Taking the mirror as we find it, I hope no one will blame me for ranking it above all the pictures of the Italian school.

Ladies, whose taste cannot be faulty, and whose opinion should decide the question, generally upon entering a room let their first glance fall upon this picture.

A thousand times have I seen ladies, aye, and gallants, too, forget at a ball their lovers and their mistresses, the dancing, and all the pleasures of the fête, to contemplate with evident complaisance this enchanting picture, and honoring it even, from time to time, in the midst of the liveliest quadrille, with a look.

Who then can dispute the rank that I accord to it among the masterpieces of the art of Apelles?

XXVIII.
The Upset Carriage.

I HAD at last nearly reached my bureau. So close was I, that had I stretched out my arm I could have touched the corner nearest to me. But at this very moment I was on the verge of seeing the fruit of all my labors destroyed, and of losing my life. I should pass over in silence the accident that happened to me, for fear of discouraging other travellers, were it not that it is so difficult to upset such a post-chaise as I employ, that it must be allowed that one must be uncommonly unlucky—as unlucky, indeed, as it is my lot to be—to be exposed to a like danger.

There I was, stretched at full length upon the ground, completely upset, and it was done so quickly, so unexpectedly, that I should have been almost tempted to question the cause of my abject position, had not a singing in my ears and a sharp pain in my left shoulder too plainly demonstrated it.

This was again the OTHER, who had played a trick upon me.

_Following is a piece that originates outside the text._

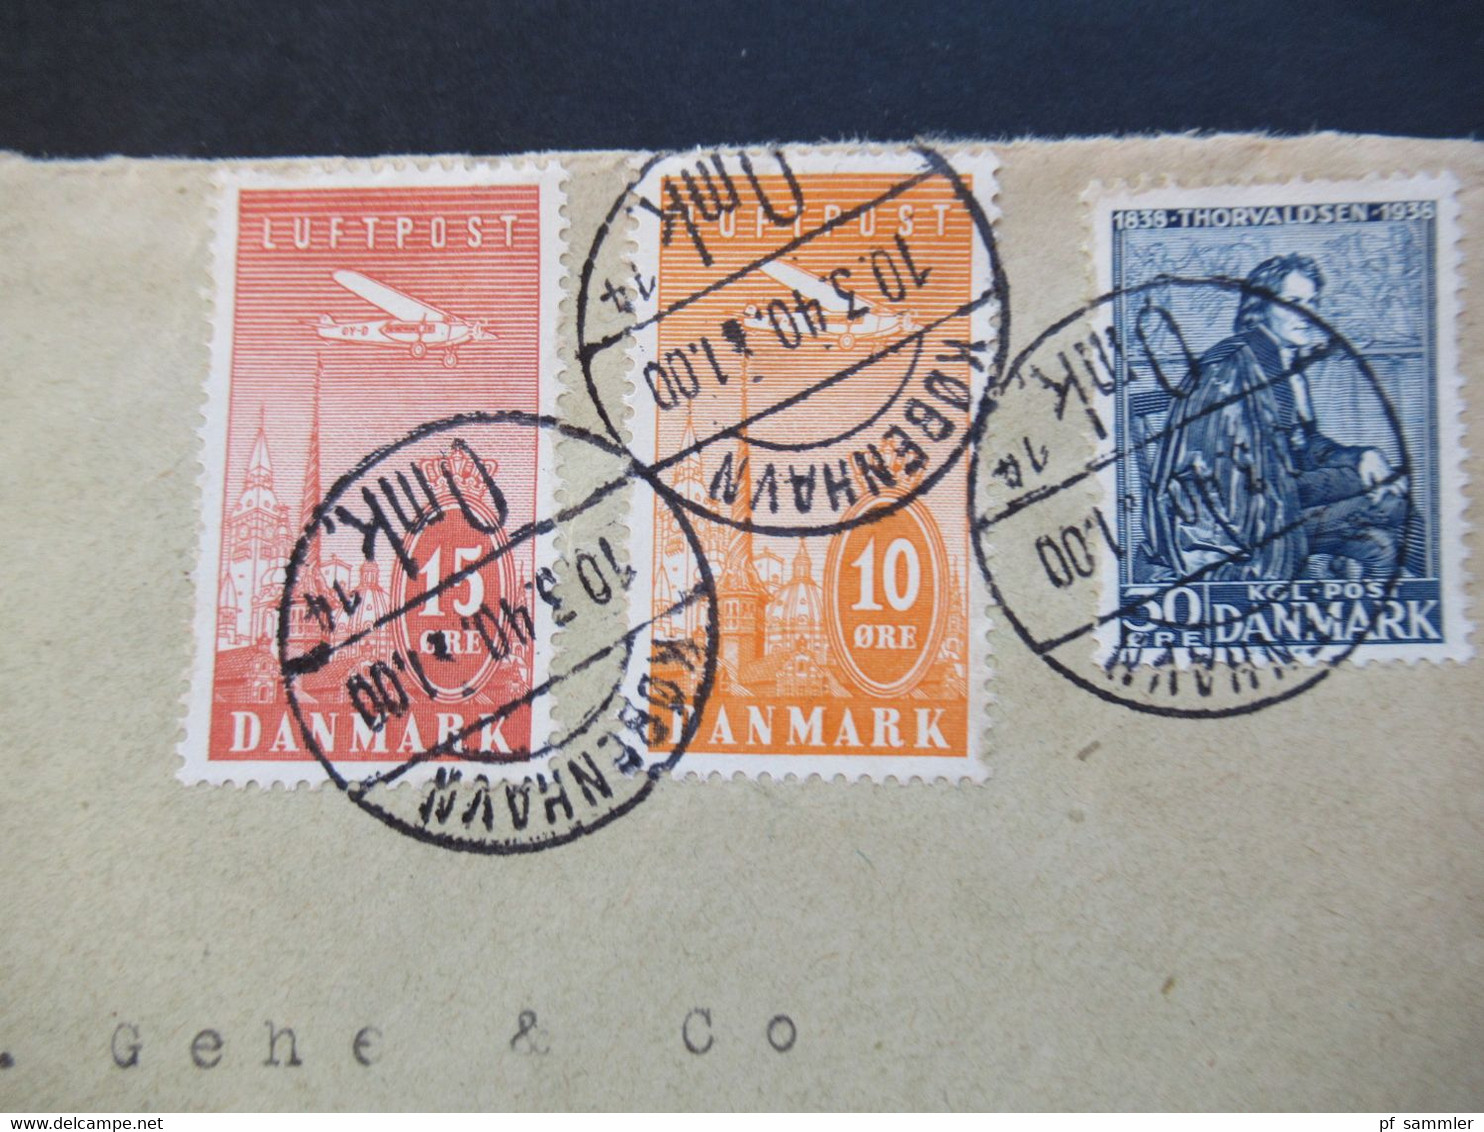 Dänemark 1940 Zensurbeleg OKW Zensurstreifen Geprüft Air Mail Luftpostmarken Nr. 217 / 218 Umschlag Lars Christiansen - Briefe U. Dokumente

Startled by the voice of a poor man who suddenly asked alms at my door, and by the voice of Rose, my other half suddenly turned the arm-chair sharply round, before my soul had time to warn it that a piece of brick, which served as a drag, was gone. The jerk was so violent that my post-chaise was quite thrown from its centre of gravity, and turned over upon me.

This was, I must own, one of the occasions upon which I had most to complain of my soul. For instead of being vexed at herself for having been absent, and scolding her companion for its hurry, she so far forgot herself as to give way to the most animal resentment, and to insult the poor fellow cruelly.